Problem description: Retype each line of the material below word for word; pictures stay out.

Dataset section:
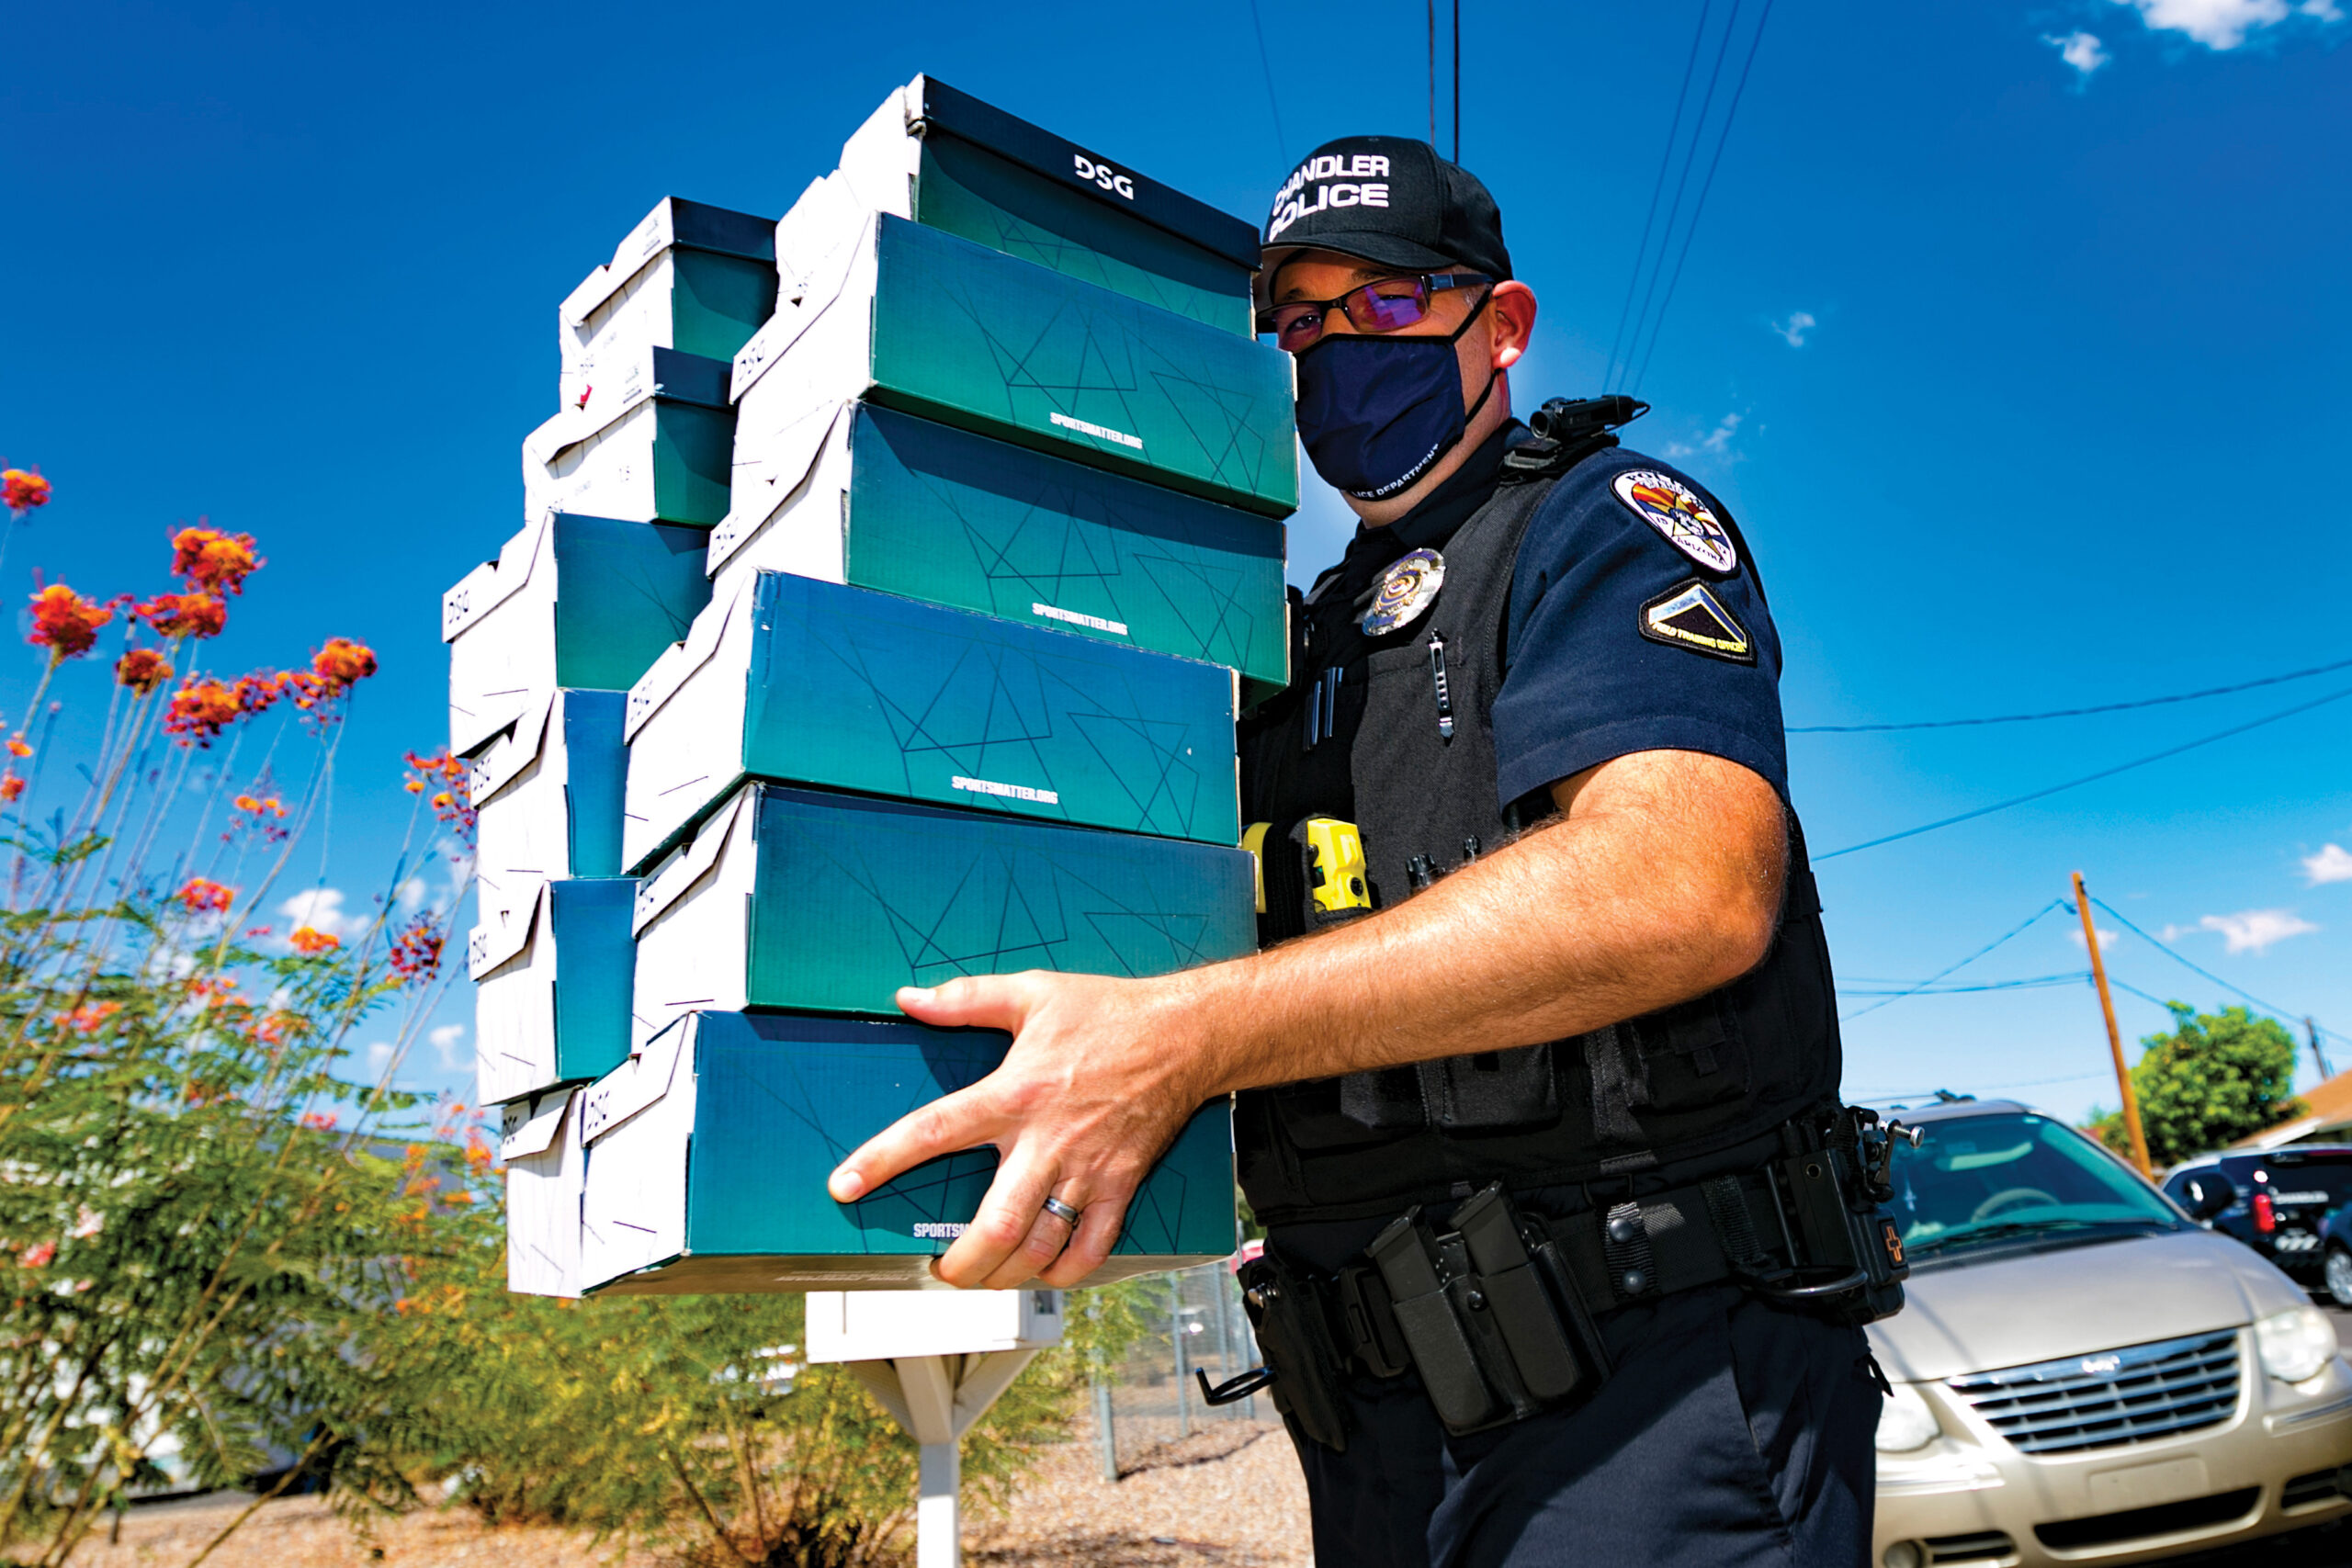 Chandler Police Department Officer Hansen
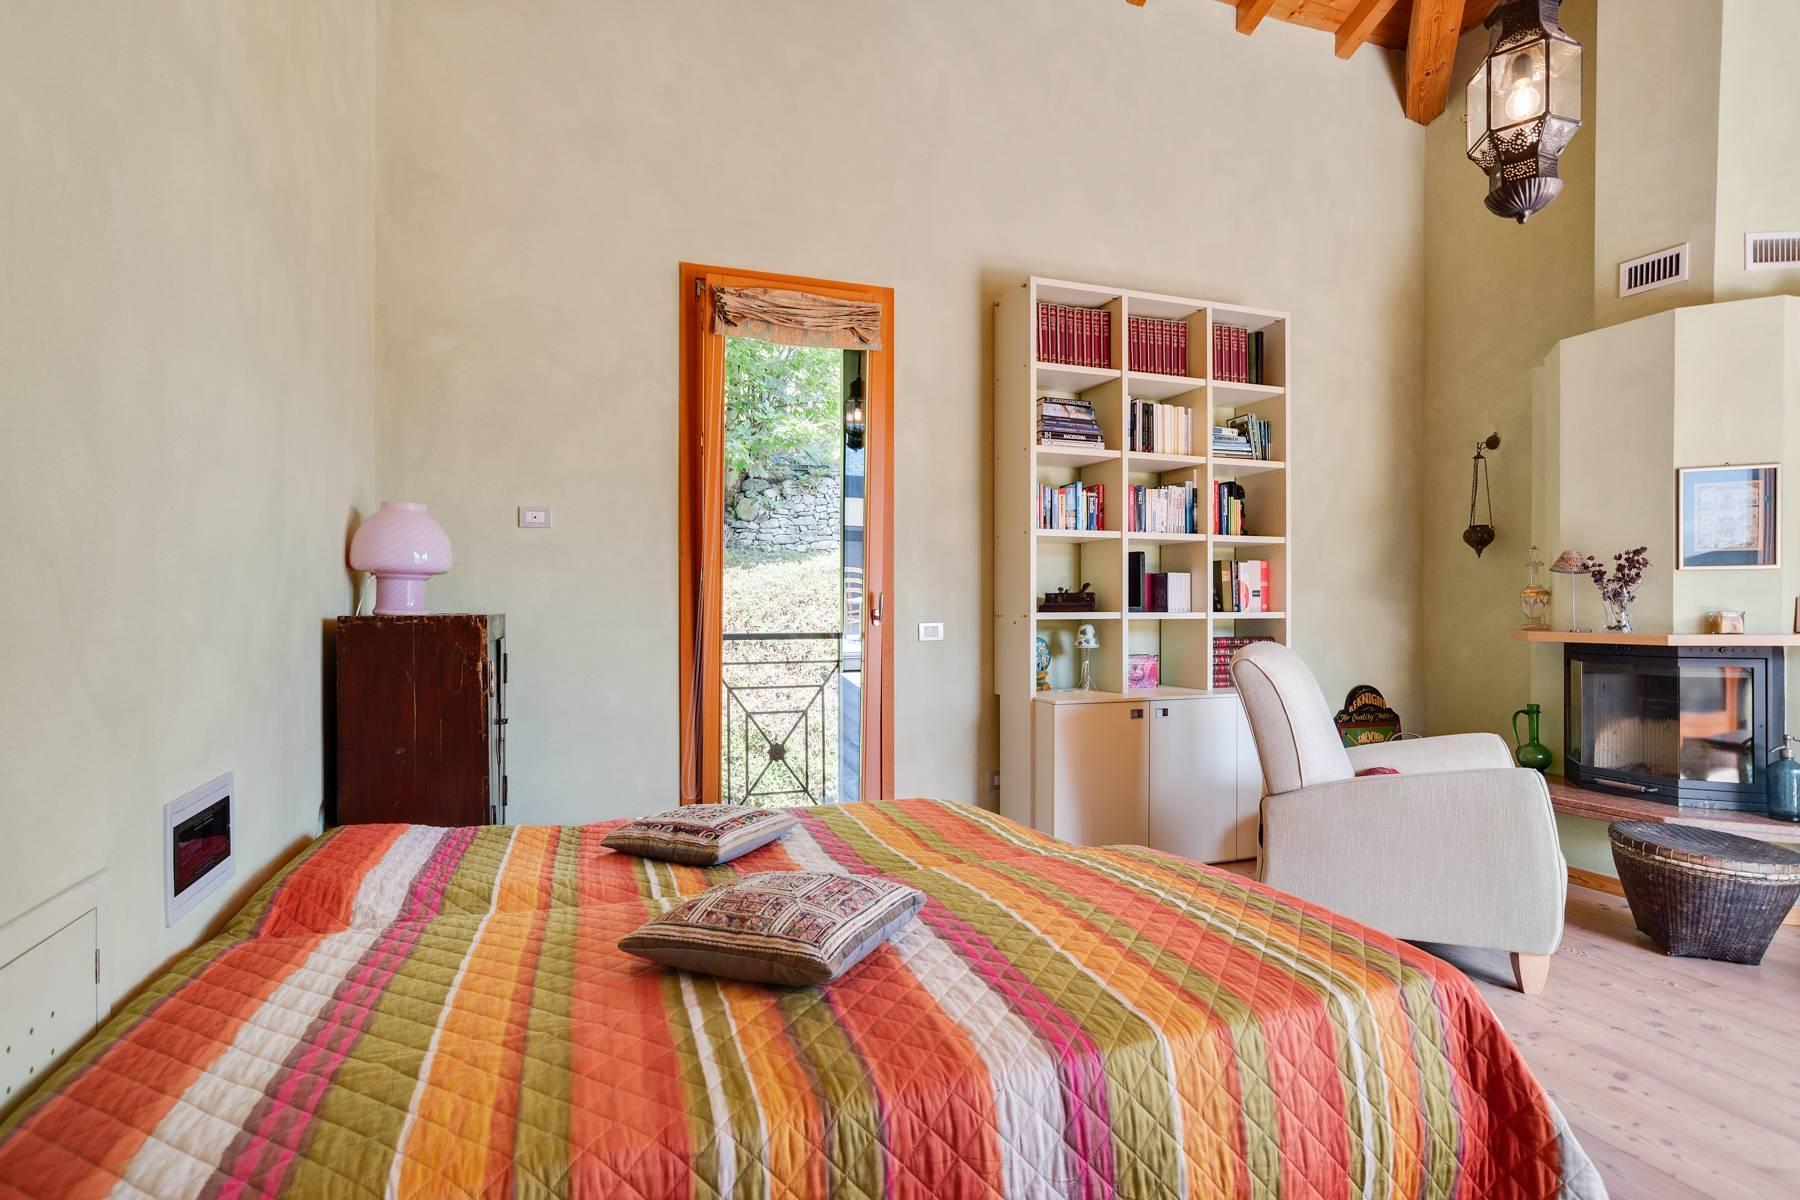 Splendida villa moderna sulla collina soleggiata sopra Argegno - 29
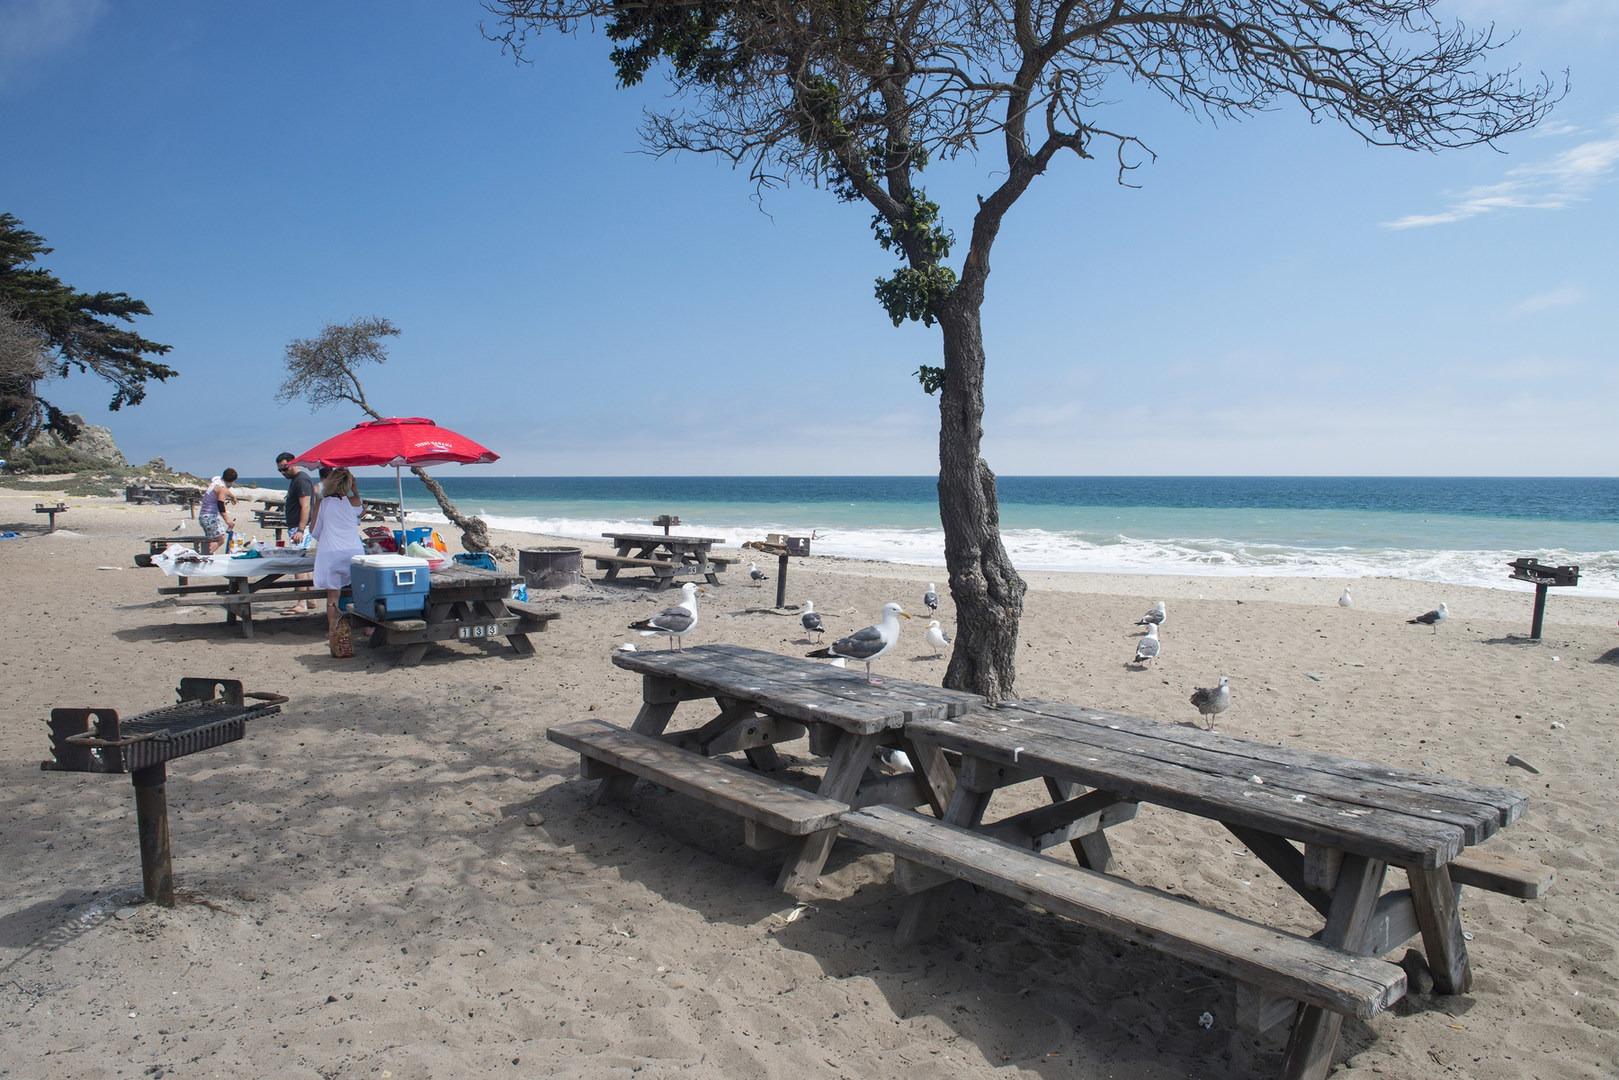 Sycamore Cove Beach

Task solution:
 Chandler Police Department Officer Hansen
 Splendida villa moderna sulla collina soleggiata sopra Argegno - 29
 Sycamore Cove Beach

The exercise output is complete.